Static Deep Q-learning for Green Downlink C-RAN
Yuchao Chang, Hongli Wang, Wen Chen, Yonghui Li, Naofal Al-Dhahir
TL;DR
This work tackles energy efficiency in downlink C-RAN by jointly maximizing throughput and reducing power under UE throughput constraints ${\widetilde{R}_{b,u}}$. It introduces Static Deep Q-Learning (SDQL), a multi-Q-table reinforcement learning method that models power-offset decisions as an MDP with state defined by RSRP and actions as RRH power reductions ${\Delta P_{b,u}}$, updating Q-values via a standard temporal-difference rule with a per-UE Q-table. Through extensive simulations, SDQL achieves higher average power reduction than activation or sleep baselines while maintaining UE satisfaction and exhibiting low computational complexity.
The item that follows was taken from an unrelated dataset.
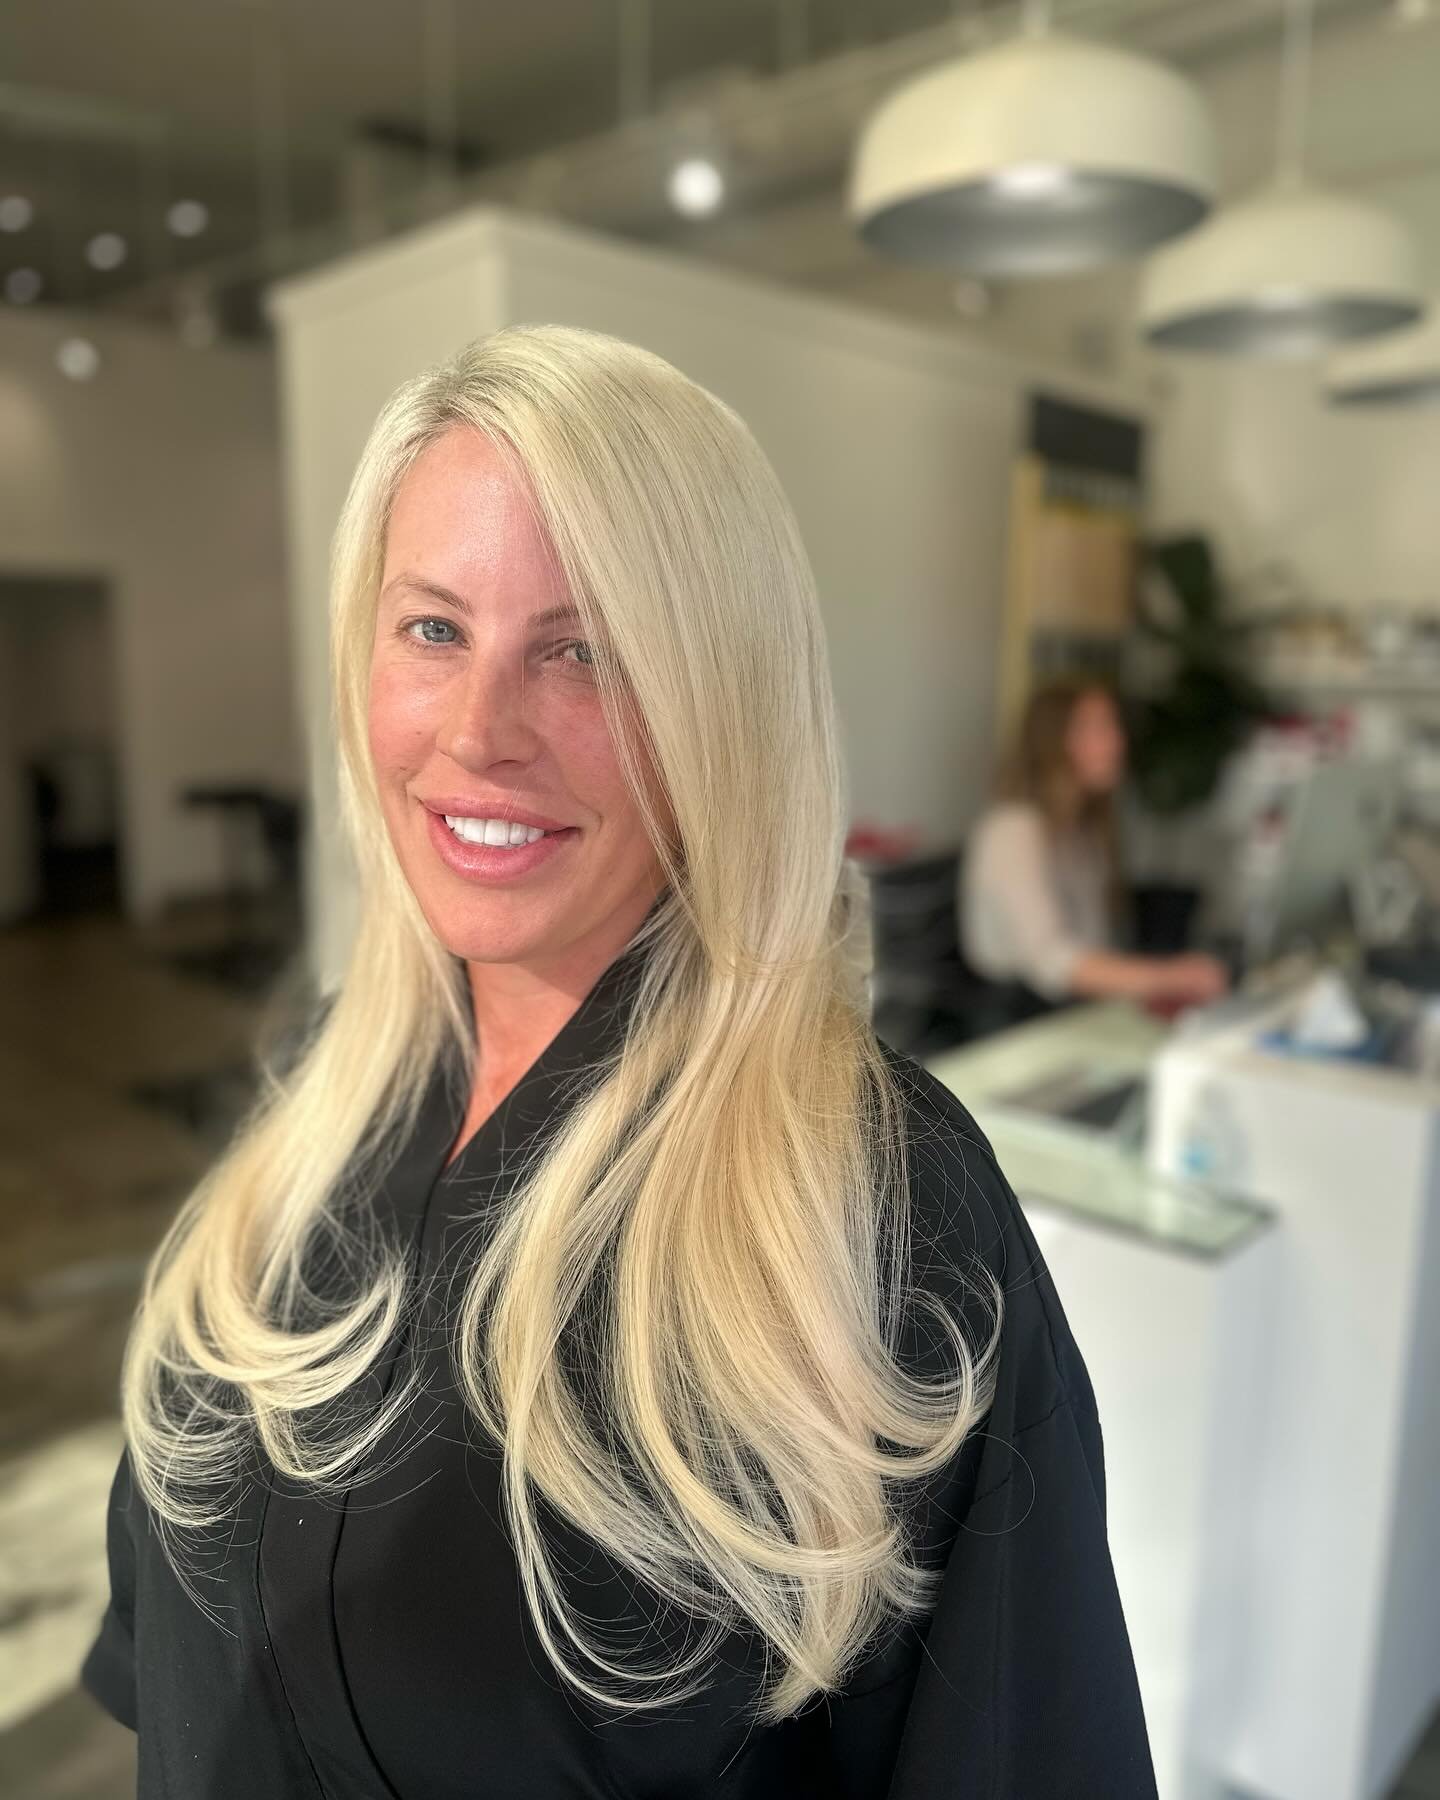 Brightening up your week with a full blonding session and a 20&rdquo; inch Bellami K-tip extension install by @candicebuckett this gal is definitely prepped for spring! ✨🫶🏼

It's easy to put off your hair appointment as just another item on your to

The method advances green wireless network design by enabling interference-aware, data-driven power management in C-RAN with scalable, per-UE learning dynamics.
Abstract
Power saving is a main pillar in the operation of wireless communication systems. In this paper, we investigate cloud radio access network (C-RAN) capability to reduce power consumption based on the user equipment (UE) requirement. Aiming to save the long-term C-RAN energy consumption, an optimization problem is formulated to manage the downlink power without degrading the UE requirement by designing the power offset parameter. Considering stochastic traffic arrivals at UEs, we first formulate the problem as a Markov decision process (MDP) and then set up a dual objective optimization problem in terms of the downlink throughput and power. To solve this optimization problem, we develop a novel static deep Q-learning (SDQL) algorithm to maximize the downlink throughput and minimize the downlink power. In our proposed algorithm, we design multi-Q-tables to simultaneously optimize power reductions of activated RRHs by assigning one Q-table for each UE. To maximize the accumulative reward in terms of the downlink throughput loss and power reduction, our proposed algorithm performs power reductions of activated RRHs through continuous environmental interactions. Simulation results1 show that our proposed algorithm enjoys a superior average power reduction compared to the activation and sleep schemes, and enjoys a low computational complexity.